Using TensorFlow backend.


## 讀取 MNIST 資料

In [3]:
(x_train, y_train), (x_test, y_test) = mnist.load_data()
print(x_train.shape)
print(x_test.shape)

(60000, 28, 28)
(10000, 28, 28)


## 輸入格式整理
原本每筆數據是 28 * 28 的矩陣，但標準神經網路只吃平的，每次要 28 * 28 = 784 長的像量，因此 reshape

In [4]:
x_train = x_train.reshape(60000, 784)
x_test = x_test.reshape(10000, 784)

取訓練和測試資料的數字為 0, 1 的資料

In [5]:
x_train_01 = x_train[y_train <= 1]
x_test_01 = x_test[y_test <= 1]

將 label 轉換為 one-hot encoding

In [6]:
y_train_10 = np_utils.to_categorical(y_train, 10)
y_test_10 = np_utils.to_categorical(y_test, 10)

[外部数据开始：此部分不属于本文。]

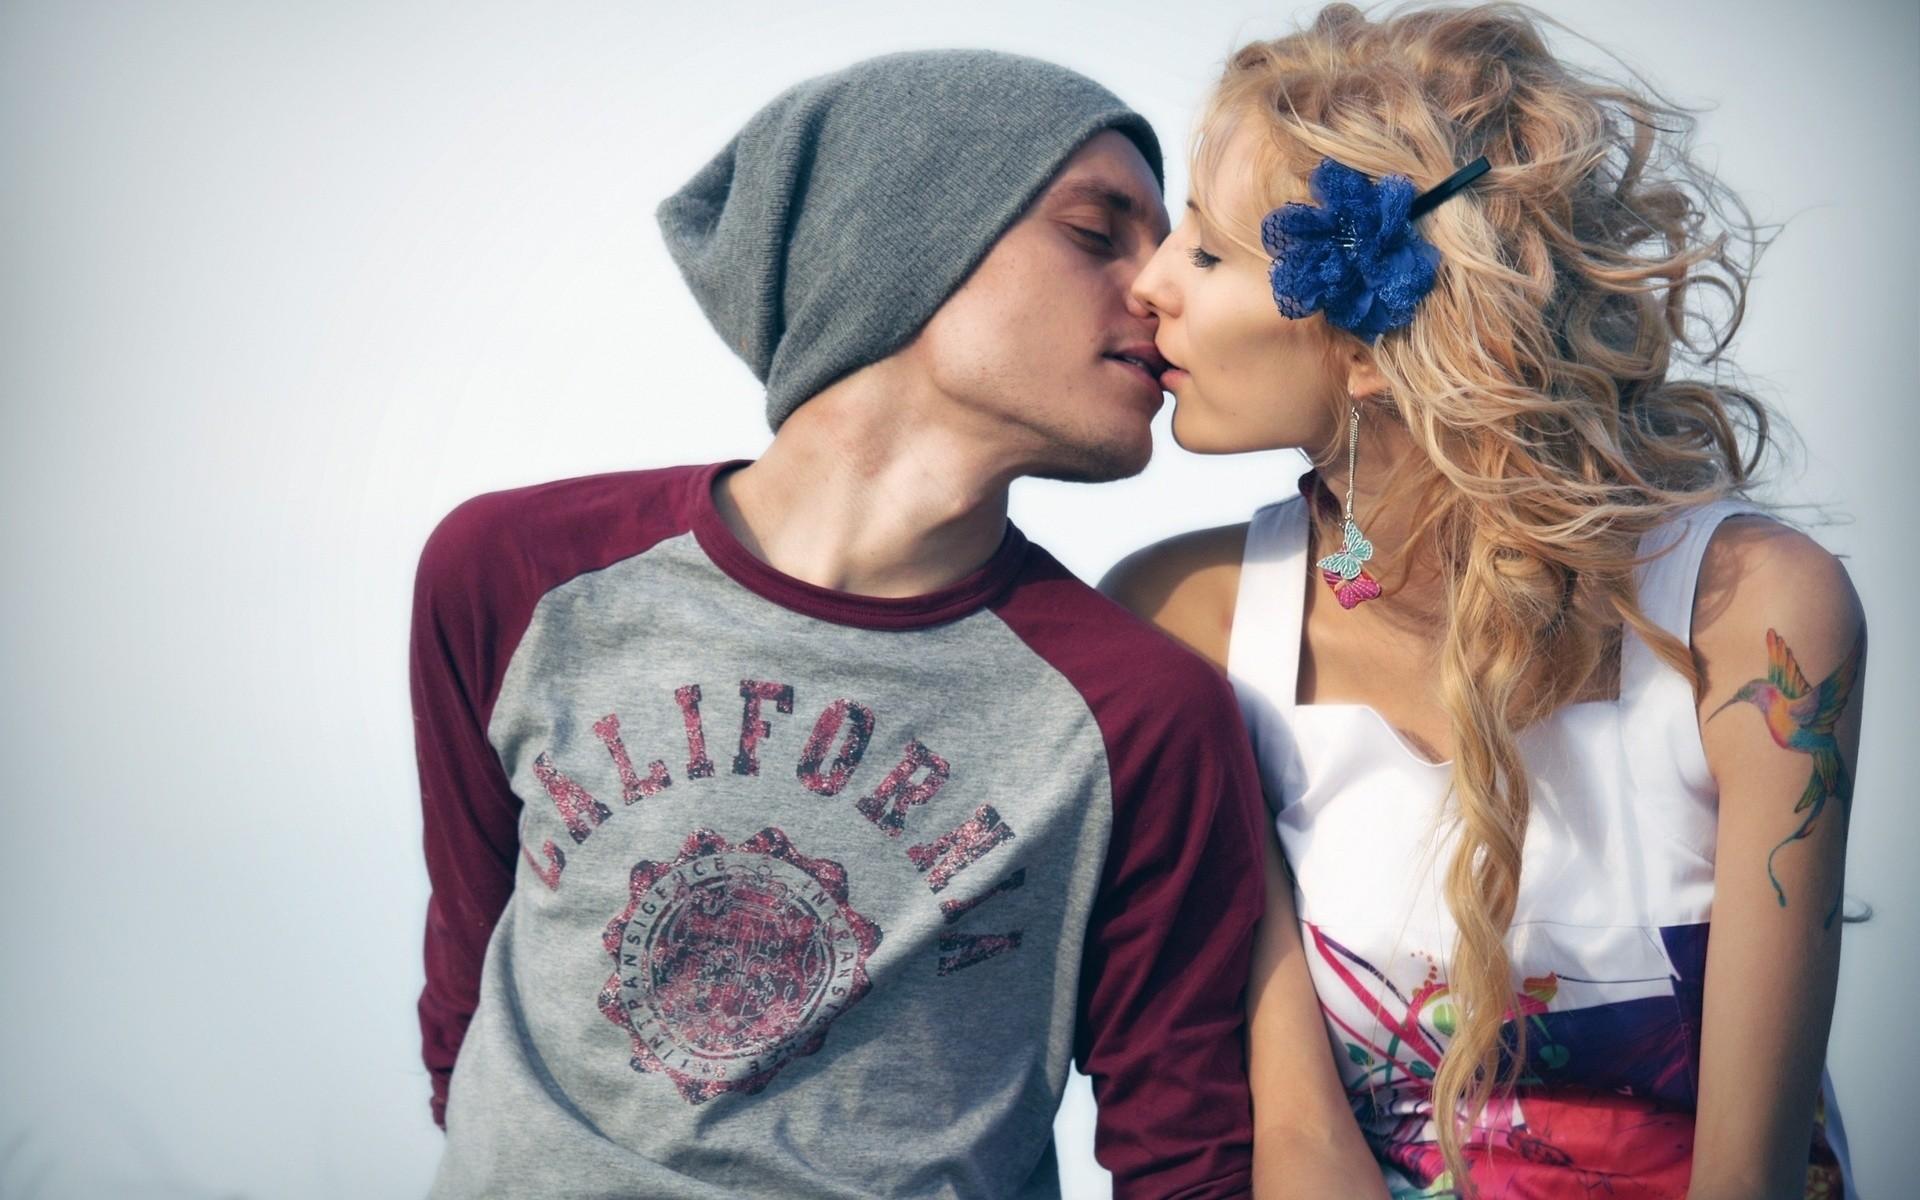 … Kissing Couple Wallpaper …

y_train_01 = y_train[y_train <= 1]
y_train_01 = np_utils.to_categorical(y_train_01, 2)

y_test_01 = y_test[y_test <= 1]
y_test_01 = np_utils.to_categorical(y_test_01, 2)

適時確認資料的大小確保資料的一致性

In [7]:
x_train_01.shape, x_test_01.shape

((12665, 784), (2115, 784))

In [8]:
y_train_01.shape, y_test_01.shape

((12665, 2), (2115, 2))

## 回顧 Sequential API
以下列方式建立一個具有下列的設定
* 使用 2 個 hidden layers
* 每個 hidden layer 用 500 個神經元
* Activation Function 唯一指名 sigmoid

的神經網路，建立指令是透過建立 `Sequential()` 和 `.add` 的方式逐層建立，如下：

In [9]:
# Construct a sandbox to put layers inside
model = Sequential()

# Put fully-connected layers (Dense) inside
model.add(Dense(500, input_dim=784))
model.add(Activation('sigmoid'))
model.add(Dense(500))
model.add(Activation('sigmoid'))
model.add(Dense(10))
model.add(Activation('softmax'))

model.summary()

Instructions for updating:
If using Keras pass *_constraint arguments to layers.
Model: "sequential_1"
_________________________________________________________________
Layer (type)                 Output Shape              Param #   
dense_1 (Dense)              (None, 500)               392500    
_________________________________________________________________
activation_1 (Activation)    (None, 500)               0         
_________________________________________________________________
dense_2 (Dense)              (None, 500)               250500    
_________________________________________________________________
activation_2 (Activation)    (None, 500)               0         
_________________________________________________________________
dense_3 (Dense)              (None, 10)                5010      
_________________________________________________________________
activation_3 (Activation)    (None, 10)                0         
Total params: 648,010
Trainable params:

## 觀察 model.layers
觀察 `model.layers`，可以發現 `model` 其實就是一堆神經網路層疊起來

In [10]:
model.layers

[<keras.layers.core.Dense at 0x64590ce90>,
 <keras.layers.core.Activation at 0x11750e310>,
 <keras.layers.core.Dense at 0x10896aed0>,
 <keras.layers.core.Activation at 0x645909d90>,
 <keras.layers.core.Dense at 0x645909590>,
 <keras.layers.core.Activation at 0x64596ab90>]

換言之，每個 `.add` 其實在做的事情就是

`model.add(Dense(500, input_dim=784))` 是將 `<keras.layers.core.Dense at 0x647672fd0>` 加進 model.layers

`model.add(Activation('sigmoid'))` 將 `<keras.layers.core.Activation at 0x6422a1c90>` 加進 model.layers

... 以此類推

## 以 list 的形式使用 Sequential API
神經網路是將隱藏曾逐層堆疊在一起的 list，因此也可以 list 的形式建立相同的神經網路
首先將兩個隱藏層及其 Activation Function 分別寫在 list 中，如下：

In [11]:
first_layer = [Dense(500, input_dim=784),
              Activation('sigmoid')]

second_layer = [Dense(500),
               Activation('sigmoid')]

output_layer = [Dense(10),
               Activation('softmax')]

從基本的 Python 資料結構中，我們知道 list 可以用 `+` 來進行合併，所以先看三個 list 合併後的樣子

In [12]:
first_layer + second_layer + output_layer

[<keras.layers.core.Dense at 0x64597cbd0>,
 <keras.layers.core.Activation at 0x64597c710>,
 <keras.layers.core.Dense at 0x64597cc90>,
 <keras.layers.core.Activation at 0x645978290>,
 <keras.layers.core.Dense at 0x64597ca10>,
 <keras.layers.core.Activation at 0x64596a210>]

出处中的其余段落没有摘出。